KB: Yes, I think the bill really has three main elements, the way we think about it. First, direct technology support. There’s $2 billion for national labs to accelerate cutting-edge energy research. Embedded in the bill are the first steps towards support for climate-smart agriculture, both in the form of direct subsidies and in the form of support through tax credits and other activities to facilitate this transition. So at a fundamental technology level, there is support for pushing the frontier of what we can expect in terms of clean transition and resilient transition. And the second element is that there’s a lot of pull demand that’s created by creating incentives, tax credits, and so on. to accelerate the adoption of these types of technologies and approaches by consumers and industry. And then finally, the government itself is a direct actor. They’re buying over $9 billion worth of clean tech, while moving toward a more resilient economy overall, and particularly focusing much of that activity also through grants to disadvantaged populations through block grants for environment and climate justice and even access grants. and similar approaches that really focus on the underserved.
McCarty Carino: When we talk about these communities, what kinds of solutions could we be talking about?
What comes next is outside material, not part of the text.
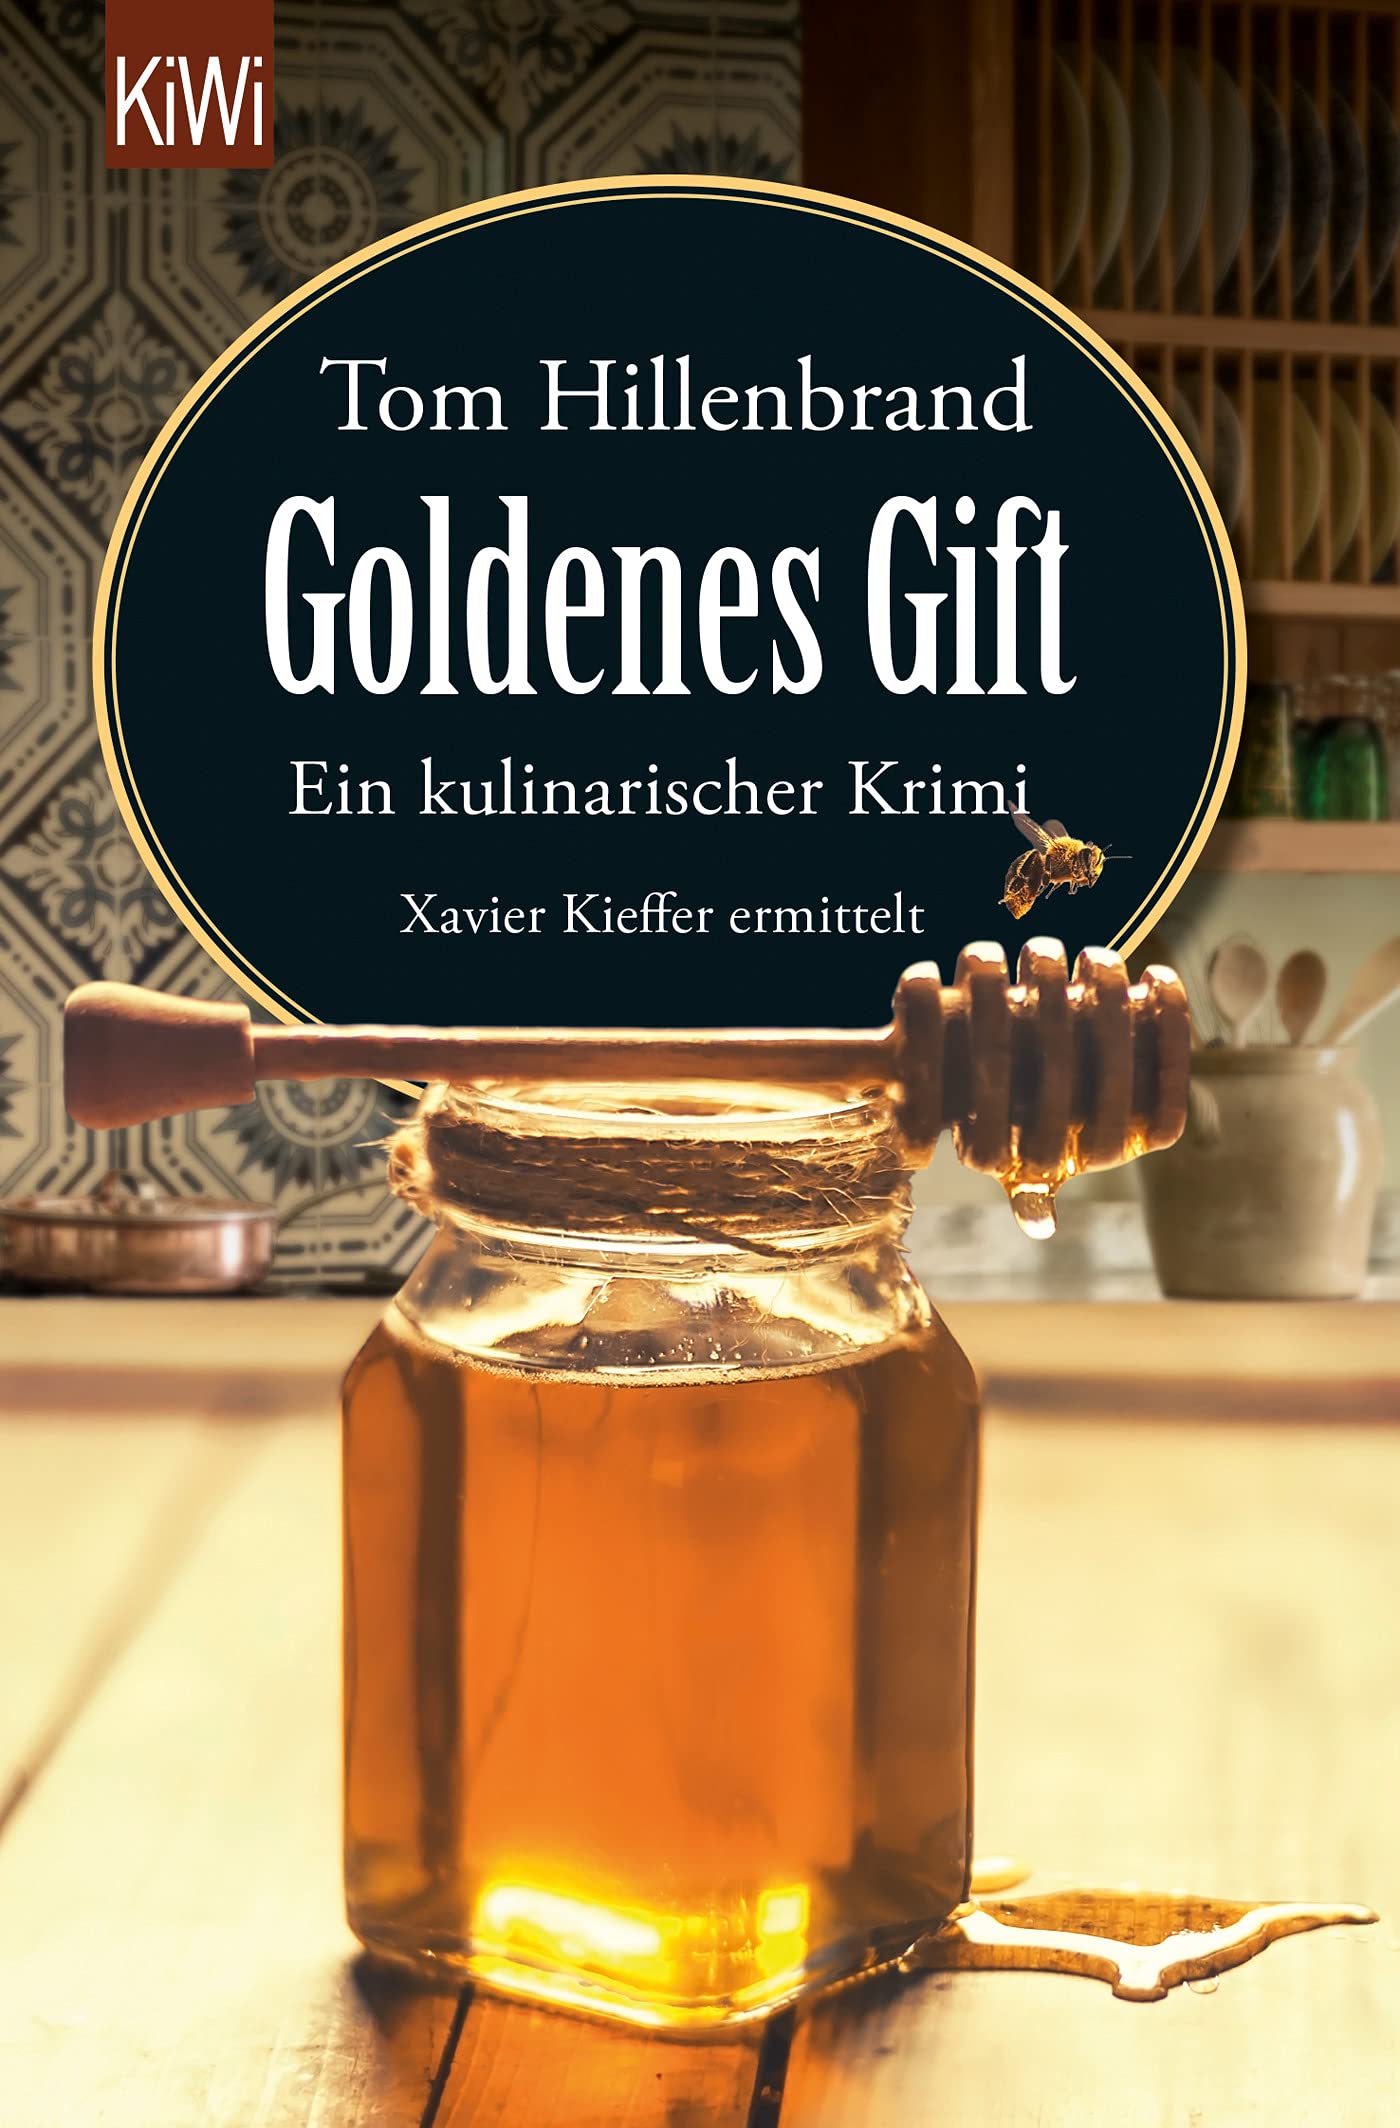 Buchcover „Goldenes Gift“ von Tom Hillenbrand

KB: Well, I think we need to think of the transition now as a sort of climate 2.0 strategy, where it’s not just about electric vehicles or greenhouse gas emission reductions, but also about building resilience at the same time in these communities. If you look at where the impacts of COVID have hit, that’s also where the impacts of environmental pollution are happening. We therefore need a transition that allows communities to have both a resilient future and a low-carbon future.
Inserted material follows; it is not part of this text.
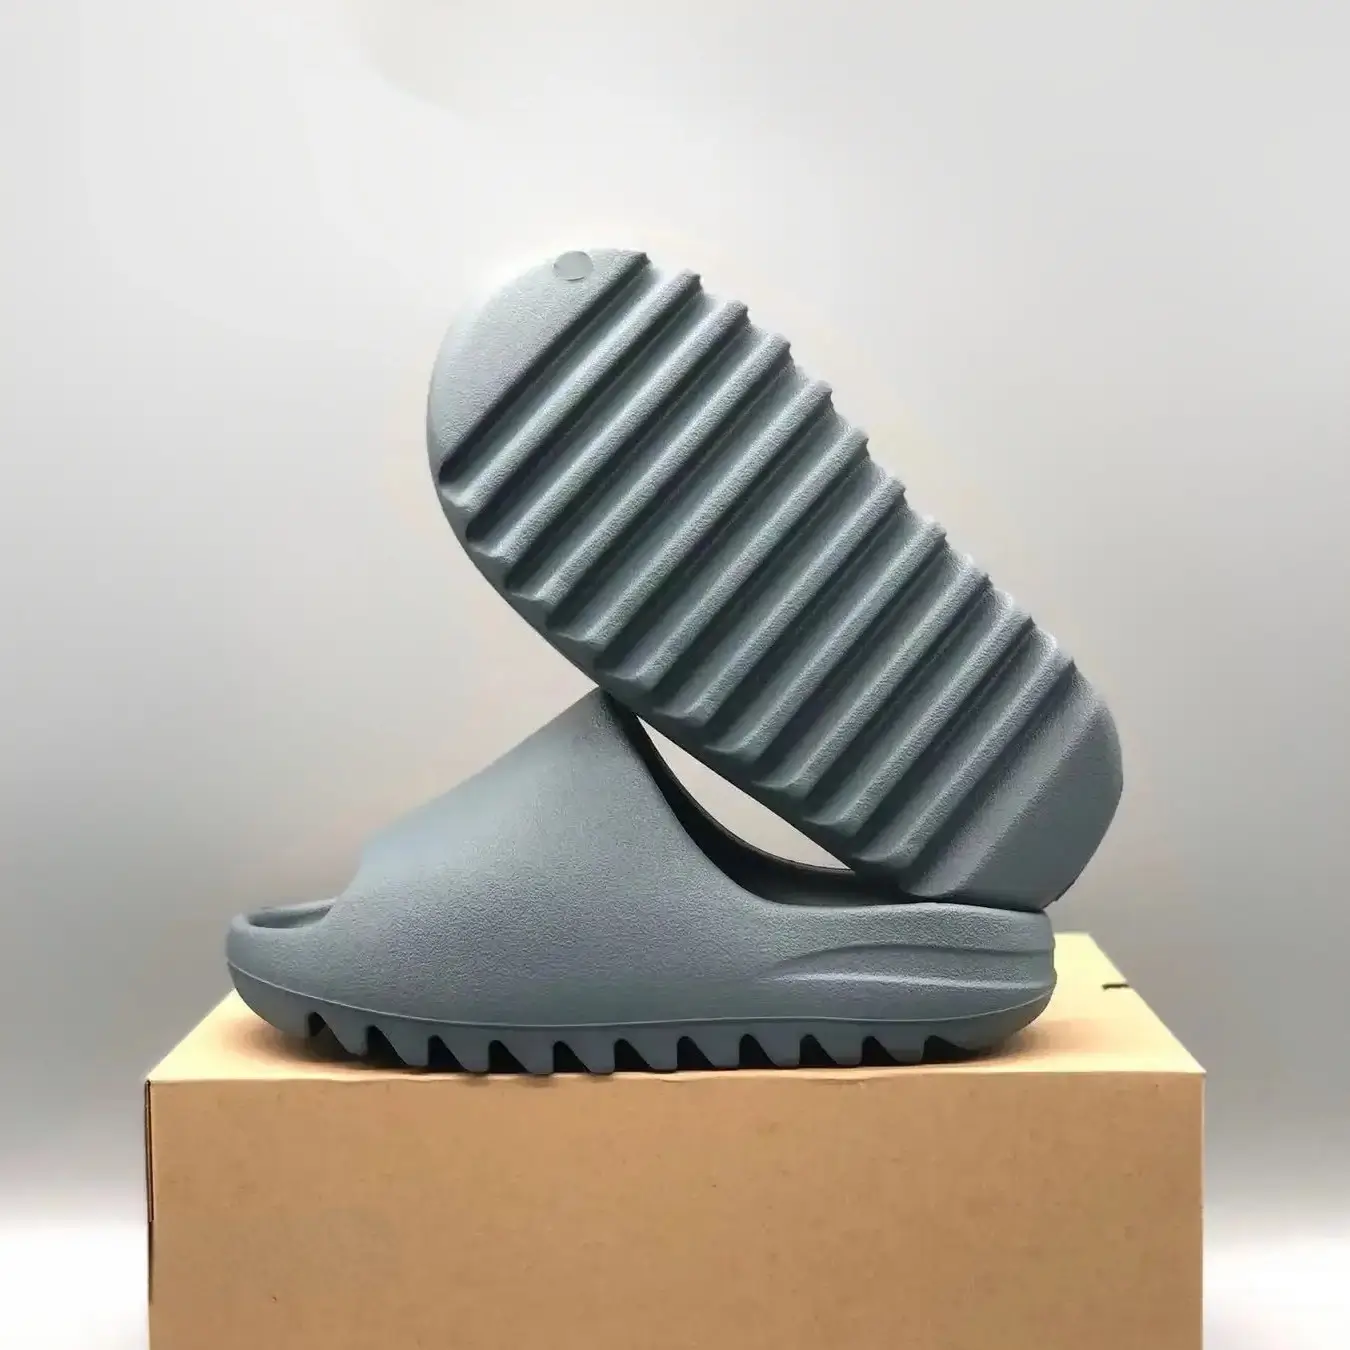 adidas Yeezy Slide ‘Slate Marine’ ID2349 (Grey)

McCarty Carino: And what about the role of the United States on the world stage in this sector of innovation? I mean, where are we now? And where could we be with this kind of investment?
KB: Well, assuming that goes ahead, it suggests that the United States is once again taking a real leadership position. The real impact of legislation like this means that there are resources available and a stable forecast of the future set of conditions so that private sector players who are already starting to invest, innovators and the next generation who think about the challenges of the future may really be able to deal with a much more stable set of assumptions about how quickly this transition can happen and how it will be sustained in the future.
Related Links: More From Meghan McCarty Carino
Here’s the full 700-plus pages of the Inflation Reduction Act of 2022 if, like Jay Koh, you want to know more about it. And, thankfully, a summary from Fast Company of all the climate policies it offers.
For consumers, of course, one of the most immediate effects would be these clean vehicle tax credits. That’s $7,500 back on new cars, which Car and Driver says would be a boon for buyers of Tesla, GM and Toyota vehicles. These manufacturers had to start phasing out tax credits after they sold 200,000 clean cars.
The credits would also be available at the time of purchase rather than when buyers do their taxes. And for the first time, it would extend to used electric vehicles with a credit of up to $4,000, or 30% of the sale price, whichever is less.
The average price of a used EV last month? According to research firm Recurrent Auto: $40,714.